▸ Goal of the exercise: Write the listing below out again word for word, without a single picture.

▸ The data:
=== Begin Enclosure ===

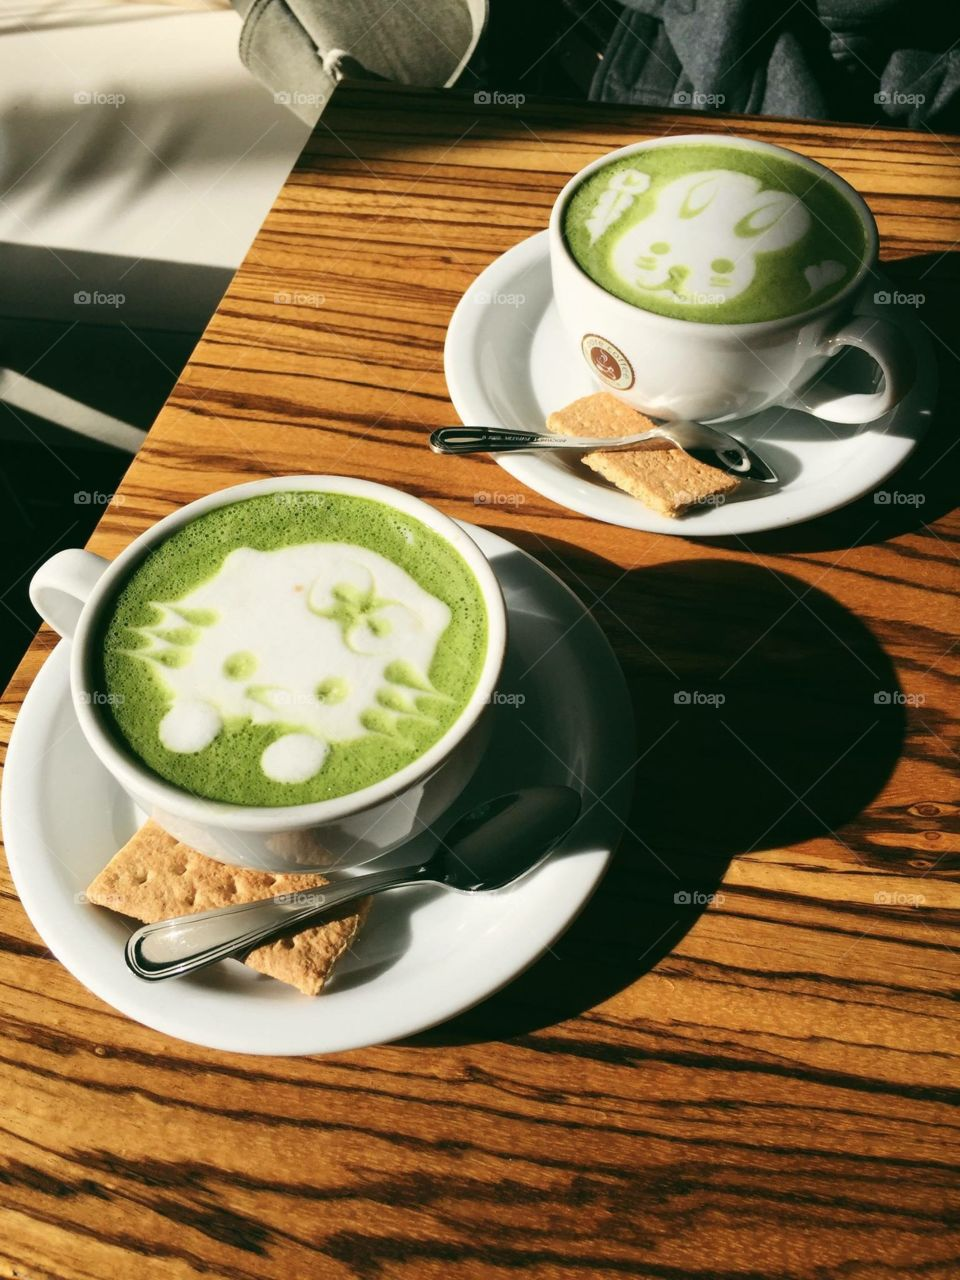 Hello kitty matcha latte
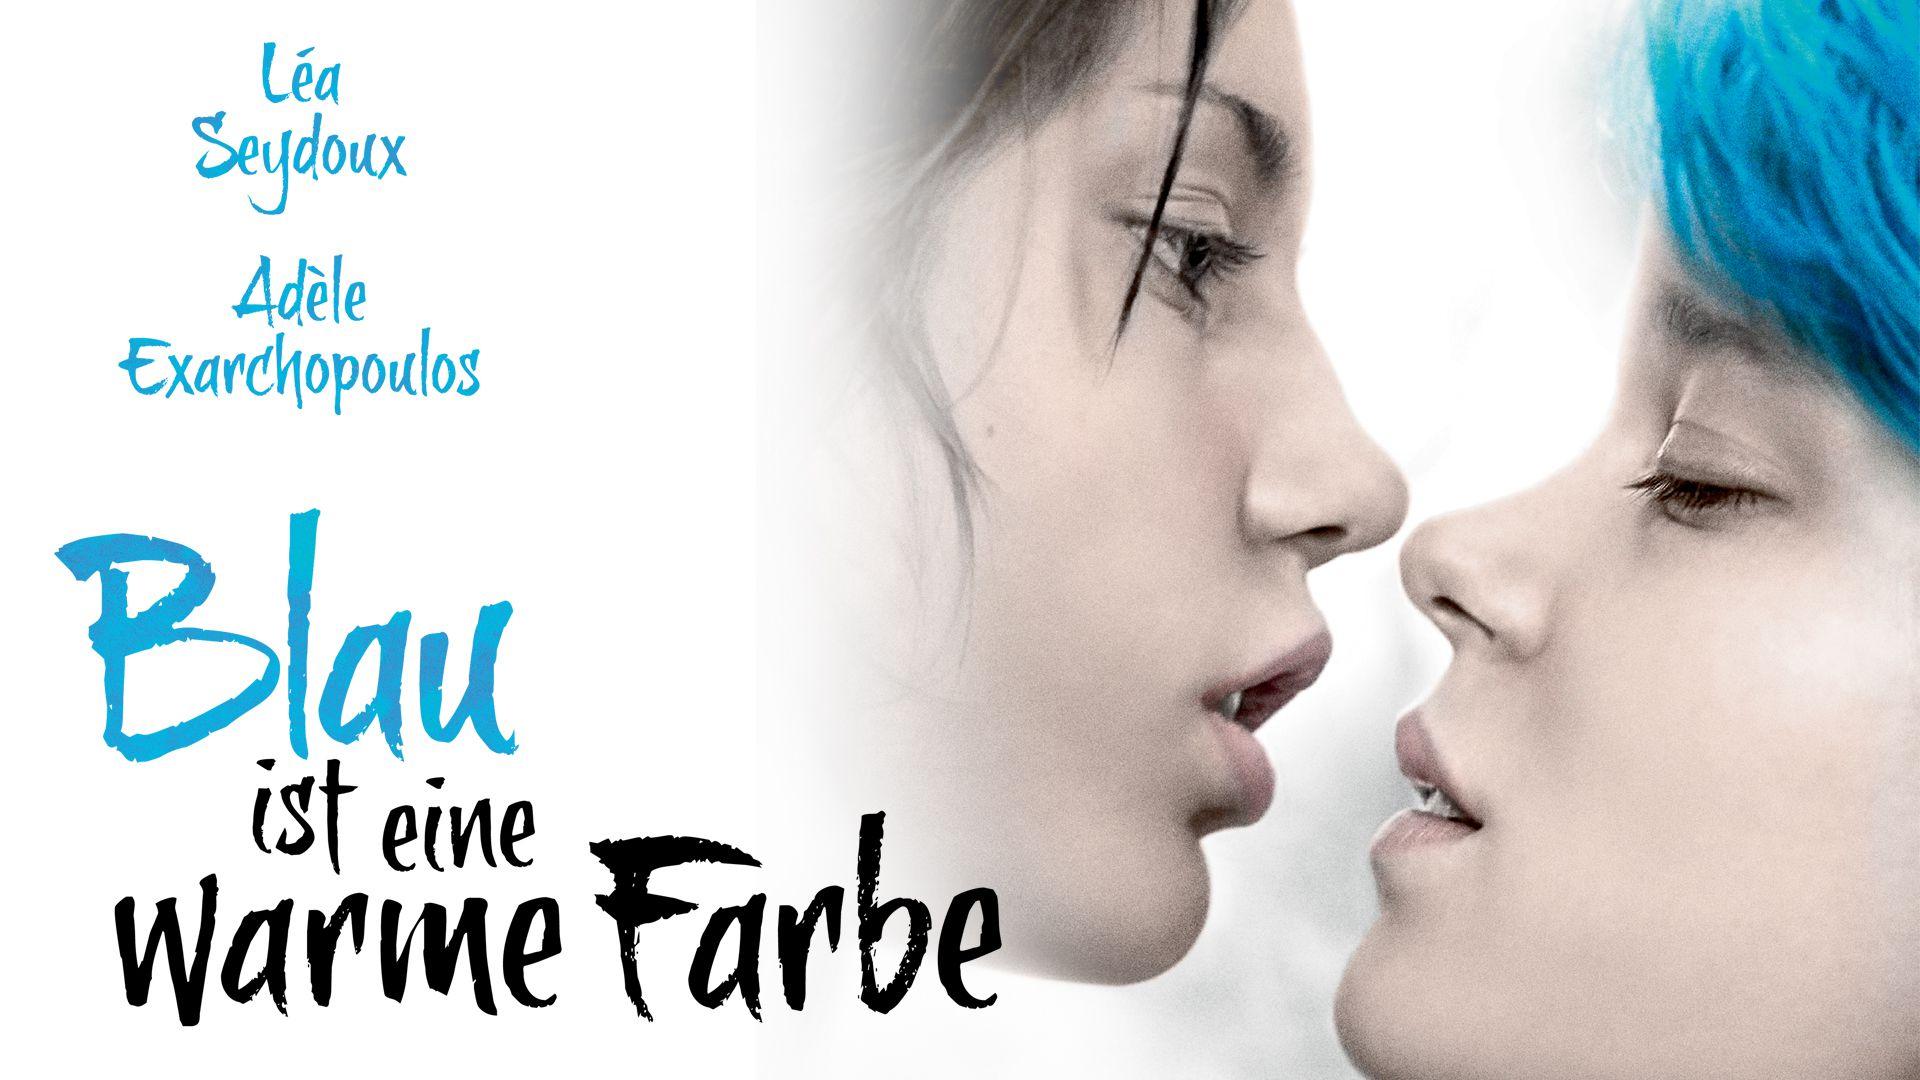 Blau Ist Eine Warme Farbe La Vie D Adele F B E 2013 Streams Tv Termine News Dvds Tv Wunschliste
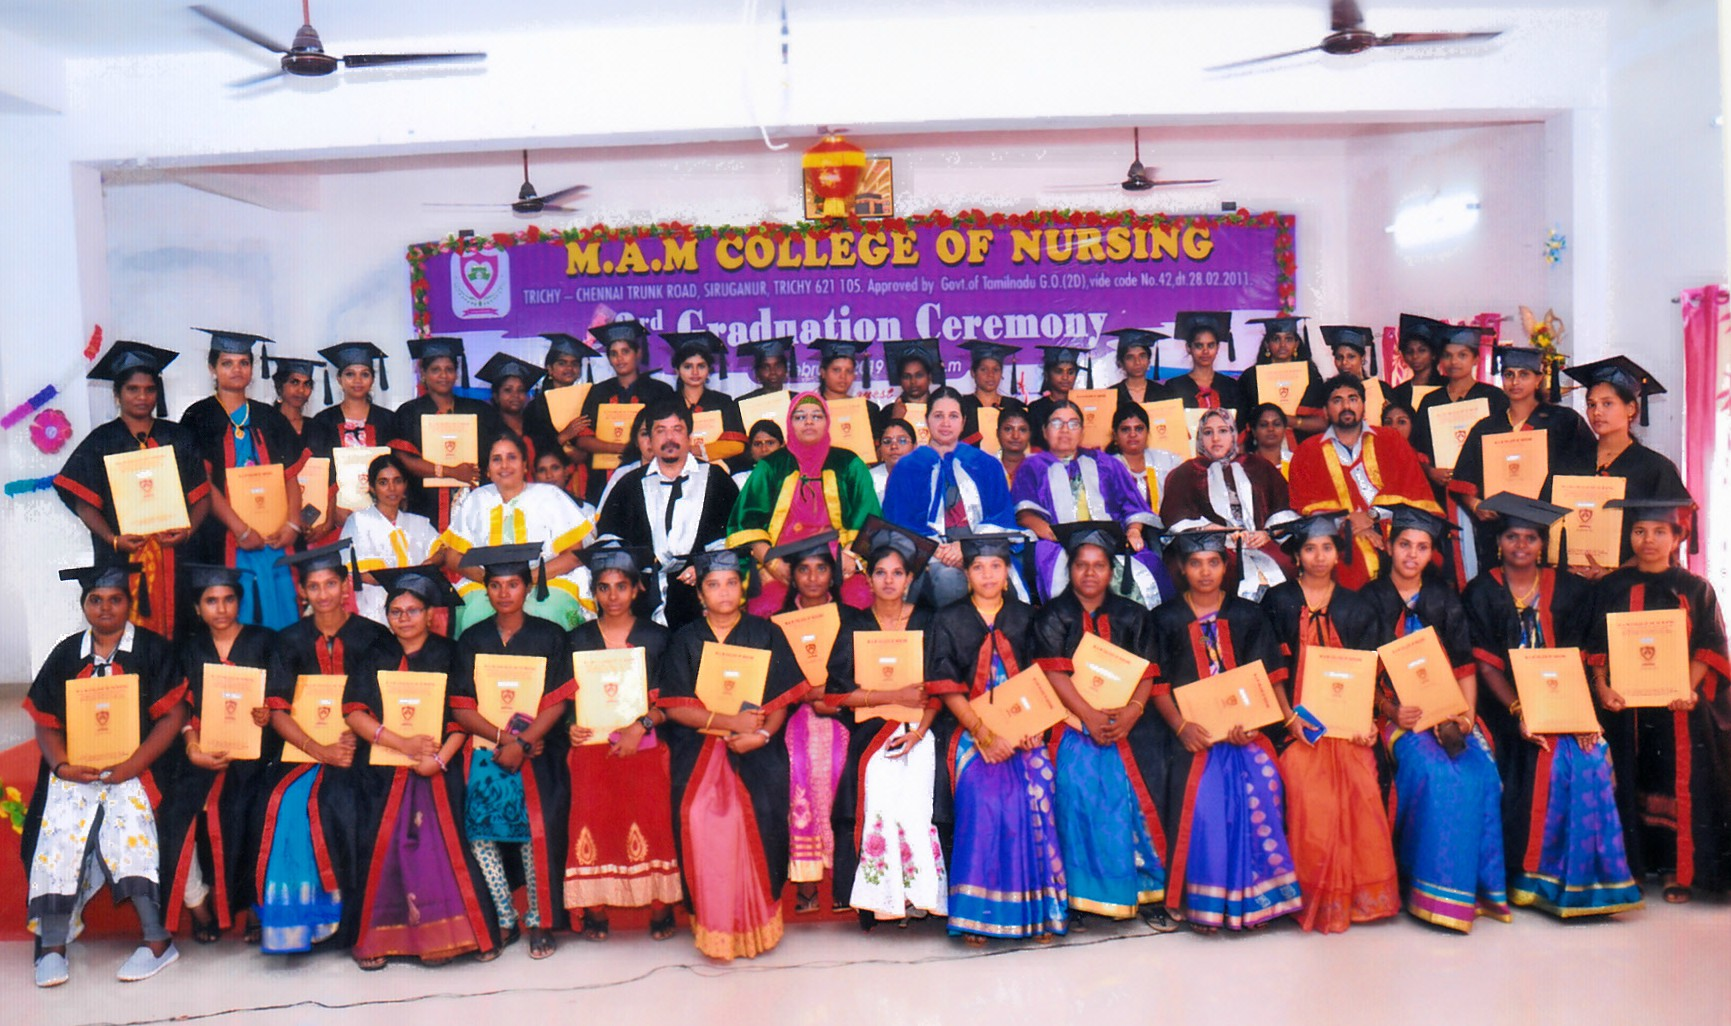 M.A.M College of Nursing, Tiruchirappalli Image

=== End Enclosure ===

▸ Task solution:
 Hello kitty matcha latte
 Blau Ist Eine Warme Farbe La Vie D Adele F B E 2013 Streams Tv Termine News Dvds Tv Wunschliste
 M.A.M College of Nursing, Tiruchirappalli Image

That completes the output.